Dave Bittner: [00:25:20] How much do you think having an innate sense of empathy has helped you in the work that you do - being able to sense what's going on on the other side of that phone line when you're trying to work your way and influence someone to do what you want them to do?
Kevin Mitnick: [00:25:36] You know, it's total improv. So basically, as you're sizing up whether the target is hesitant - whether they're asking questions, you know, asking questions where you can kind of sense they're not comfortable or they're questioning your identity or questioning the need - then in some cases, you would just back out of that request and go to some other target. But you kind of have to go where the conversation is and to go - kind of like what Paul Robbins was discussing earlier today in his keynote is you have to set the story and make sure that the target is going to believe that story and is going to cooperate with that end result.
Kevin Mitnick: [00:26:15] Case in point, I was hired to test a large Canadian retailer and found out they used a cloud HR provider, found out the cloud HR provider did not register the domain - call it payroll.ca. Basically, I registered it. I became the proud owner. I basically cloned the site, so now payroll.ca looked exactly like payroll.com, got SSL certificates from Let's Encrypt, so it looked very real. And then here was the phone pretext. So I'm calling up a director of HR who I found on LinkedIn pretending to be somebody from IT, saying, hey, we're standardizing on the .ca TLD, which is Canada, and asked her, hey, are you logged in to payroll.com? Oh, yeah. Well, can you go ahead and log out for me real quick? I need you to try something. Can you go to payroll.ca? Can you go ahead and - she goes, yeah. It's asking me for my login and password. Yes. Can you please log in? She logged in. It actually redirected her and actually logged her into the real payroll.com, and I said, OK, great. From now on, use payroll.ca, and if you have a problem, just call the help desk. Meanwhile, I had her credentials, knew two-factor authentication, had access to all the HR data. It literally took five minutes on the phone. The longest part of the attack was waiting for DNS to propagate. And this was literally six months ago, six to nine months ago, so it's pretty fresh.

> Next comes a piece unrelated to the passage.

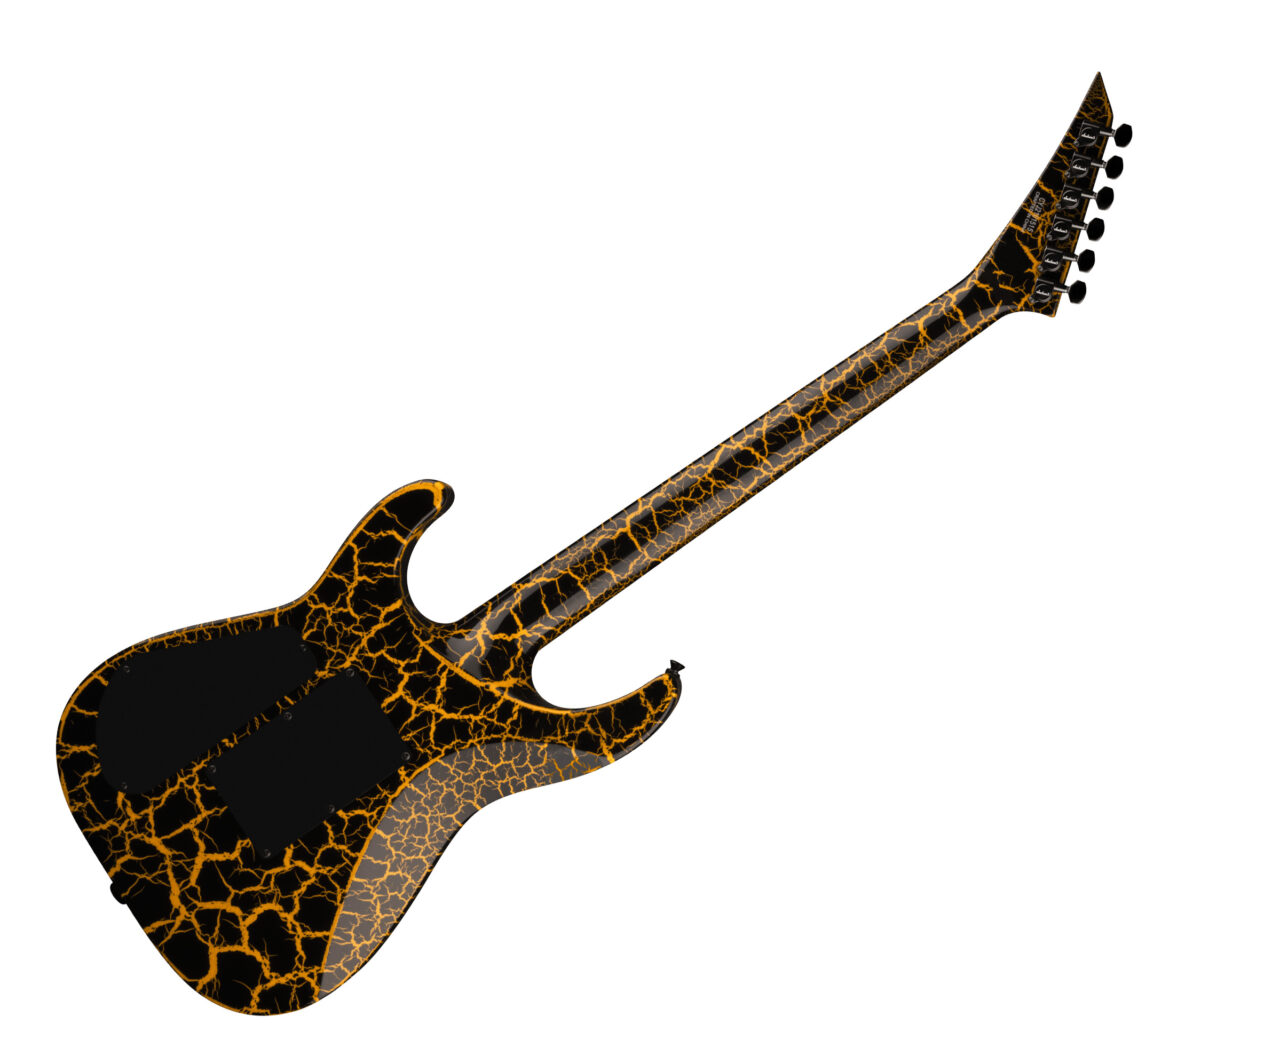 Jackson X Series Soloist SL3X DX Yellow Crackle エレキギター

Joe Carrigan: [00:27:37] We're seeing a lot of stories that come out now about these two-factor authentication social engineering sites, and what you're talking about is a perfect example of that where you can just ask people for the credential that you need, and...
Kevin Mitnick: [00:27:51] Well, you don't want to ask someone for their credentials. That's...
Joe Carrigan: [00:27:54] I mean, on the website, on the website, you're...
Kevin Mitnick: [00:27:56] Oh, yeah. That's how you want to do it is - you want to put the person in the position to entering their credentials...
Joe Carrigan: [00:28:01] Right.
Kevin Mitnick: [00:28:01] ...Where it's a believable story.
Joe Carrigan: [00:28:03] Right. And then they enter the two-factor token key, whatever that is - the number that comes up at the time...
Kevin Mitnick: [00:28:09] Well...
Joe Carrigan: [00:28:09] ...Whether it be text or whether they have a pre-shared key.
Kevin Mitnick: [00:28:12] In this particular case, they didn't use two-factor. That's what made it work so well. So I didn't have to use two-factor to log in, so that's what made it so much easier. If there was two-factor, I would have had to change up the attack. Then I probably would have had her type something into her machine or, you know, essentially launch a payload for me.
Joe Carrigan: [00:28:29] Change the webpage, though - right? - and ask for the two-factor code. And...
Kevin Mitnick: [00:28:32] Yeah, you can pop something up. You know, please download this, you know, plug-in. That's something new. You know, go ahead and do it. It's going to make things run faster.
Joe Carrigan: [00:28:42] Right.
Kevin Mitnick: [00:28:42] Right, and I can kind of size up - when I'm calling a target up on the telephone, I could size up whether they're going to cooperate, usually, in the first 30 seconds.
Joe Carrigan: [00:28:50] Really?
Kevin Mitnick: [00:28:50] Yeah because I kind of - I identify kind of their tone of voice, whether they seem cooperative, whether they're technically astute and would understand going to, like, a command shell - what that means. Usually, you know, you don't call an IT person because they're going to know better.
Joe Carrigan: [00:29:07] Right.
Kevin Mitnick: [00:29:07] You call somebody else that's not going to know better. And that way you get your foot in the door of the network. Yeah, so - but these telephone pretexting attacks are still - I mean, it's more focused because it's not scale.
Dave Bittner: [00:29:19] Right.
Kevin Mitnick: [00:29:19] Phishing is scale, right? And telephone pretexting is really, you know, I would say, ultra-focused on a spear-phishing attack.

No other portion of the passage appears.